Exercise objective » Copy the listing that follows exactly. Its pictures do not belong in the copy.

Dataset extract »
Start of Block
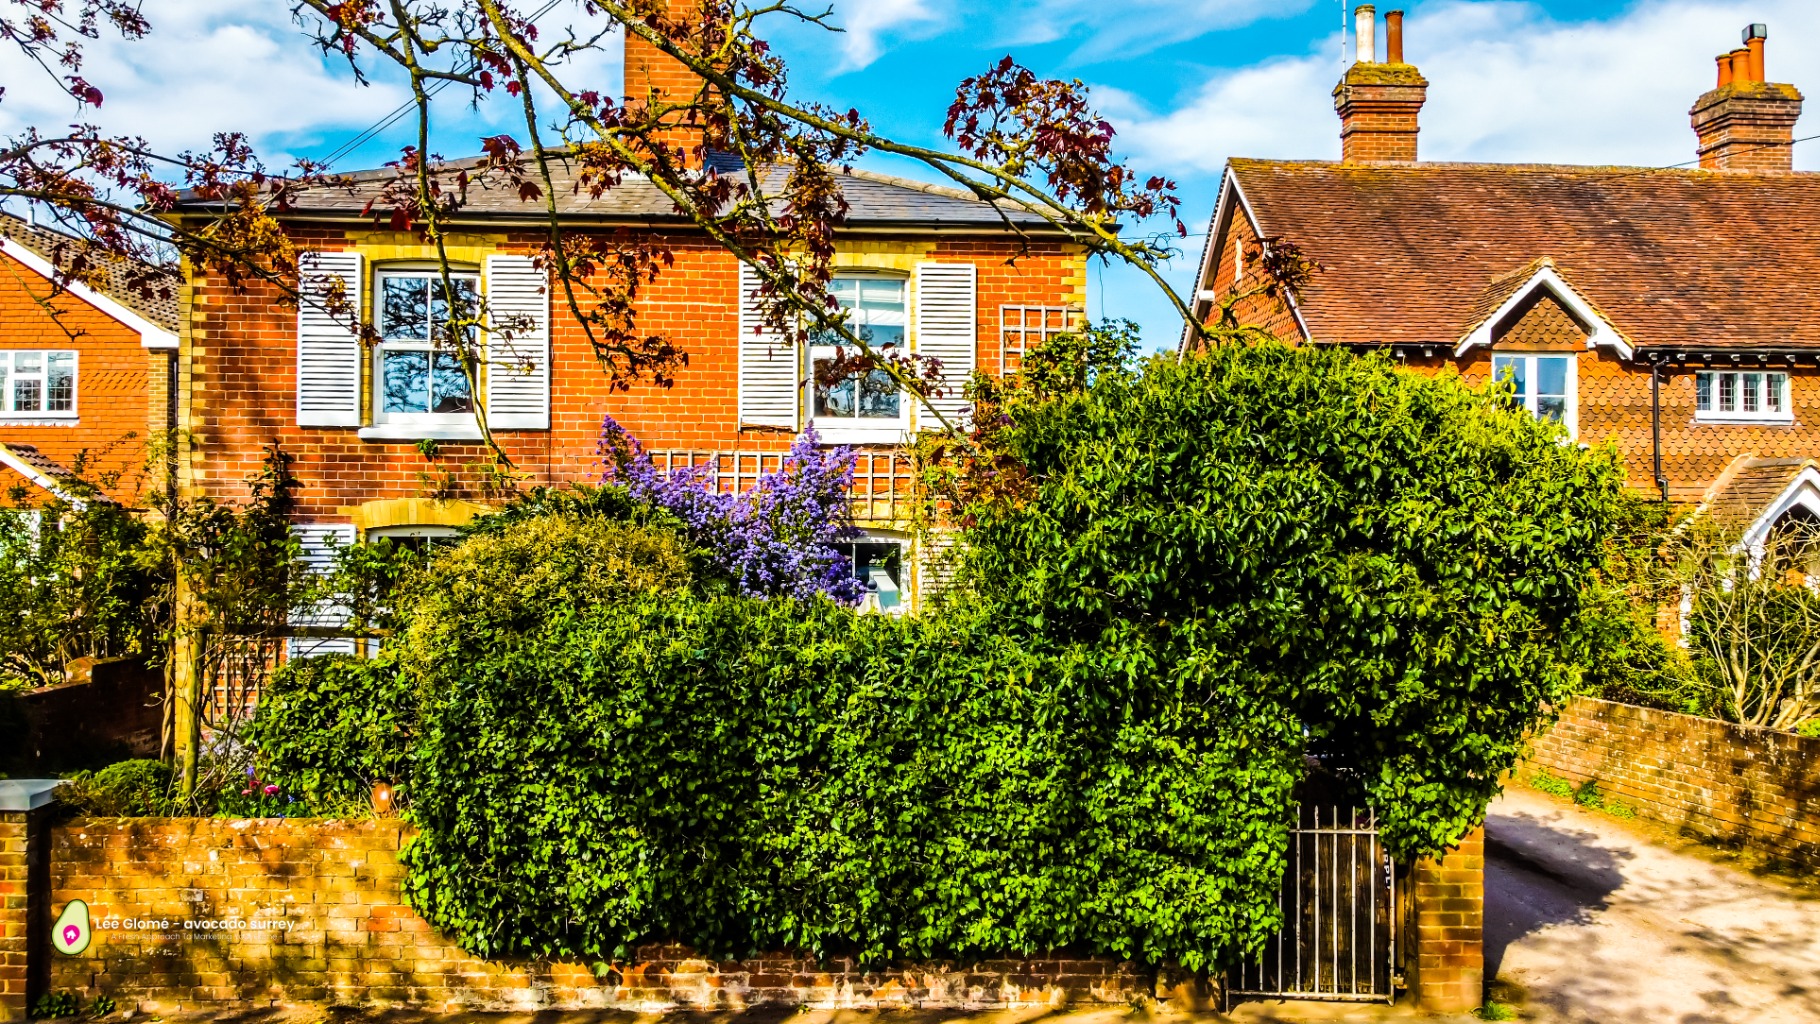 This pretty Two bedroom Victorian semi-detached cottage is set on Cranleigh Common and within a stones throw of Cranleigh High Street with all the local amenities on your doorstep. Offering a great sized open-planned refitted Kitchen/diner, cozy lounge with wood burner, Courtyard garden to the front
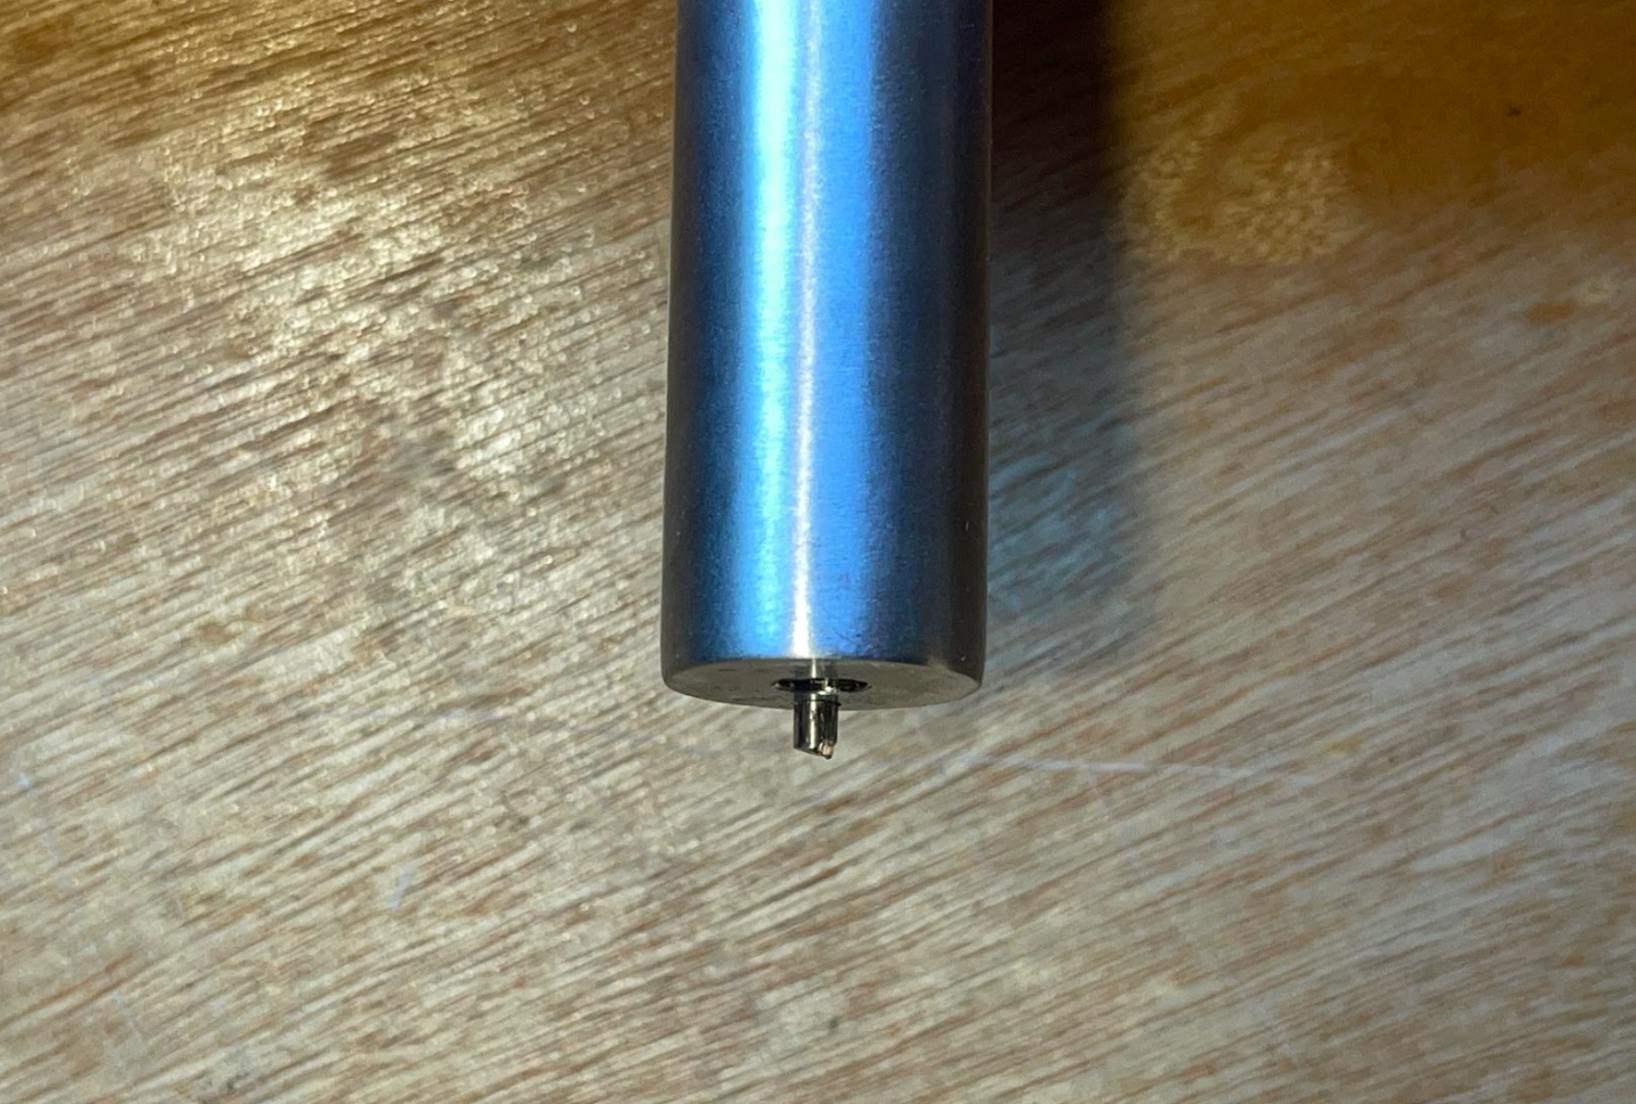 The mounting nib on the Mercer Magnetic Knife Board.
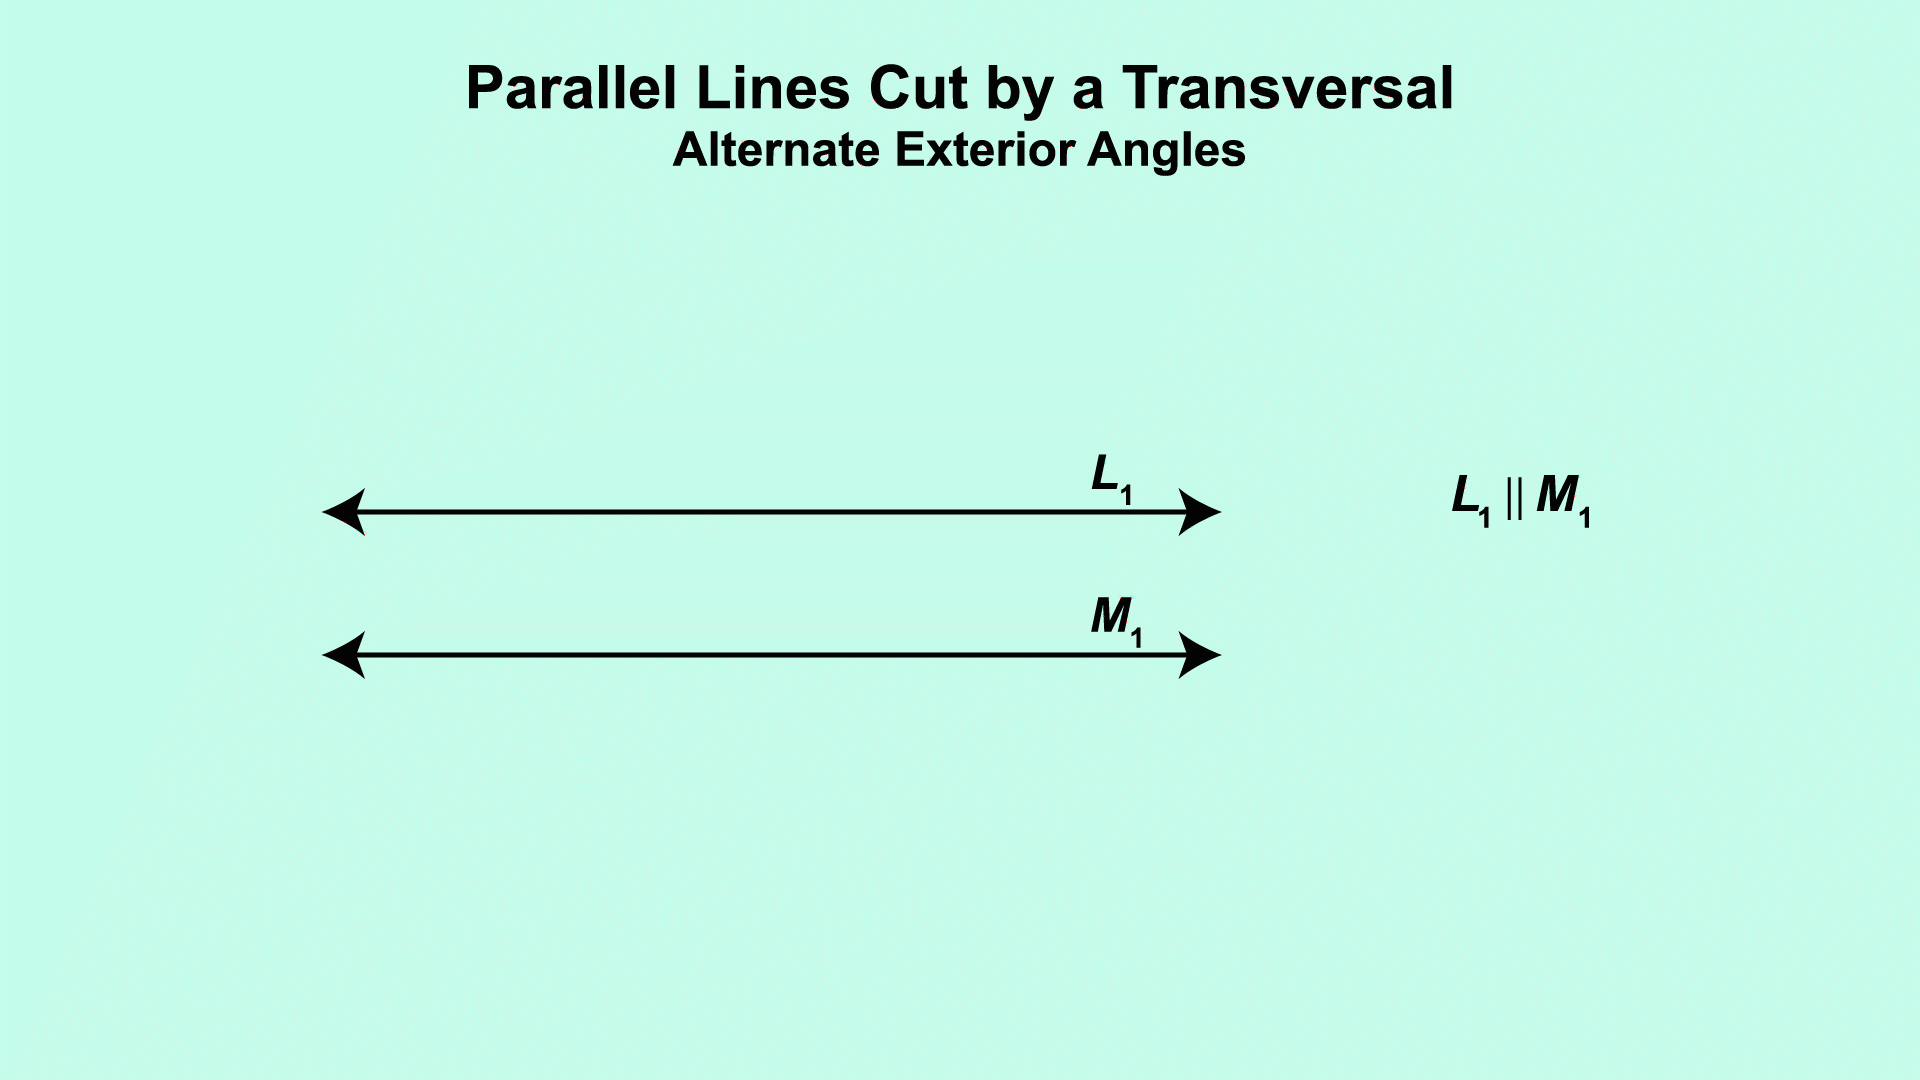 This piece of animated math clip art shows the two sets of alternate exterior angles formed when two parallel lines are cut by a transversal.
End of Block
Solved exercise »
 This pretty Two bedroom Victorian semi-detached cottage is set on Cranleigh Common and within a stones throw of Cranleigh High Street with all the local amenities on your doorstep. Offering a great sized open-planned refitted Kitchen/diner, cozy lounge with wood burner, Courtyard garden to the front
 The mounting nib on the Mercer Magnetic Knife Board.
 This piece of animated math clip art shows the two sets of alternate exterior angles formed when two parallel lines are cut by a transversal.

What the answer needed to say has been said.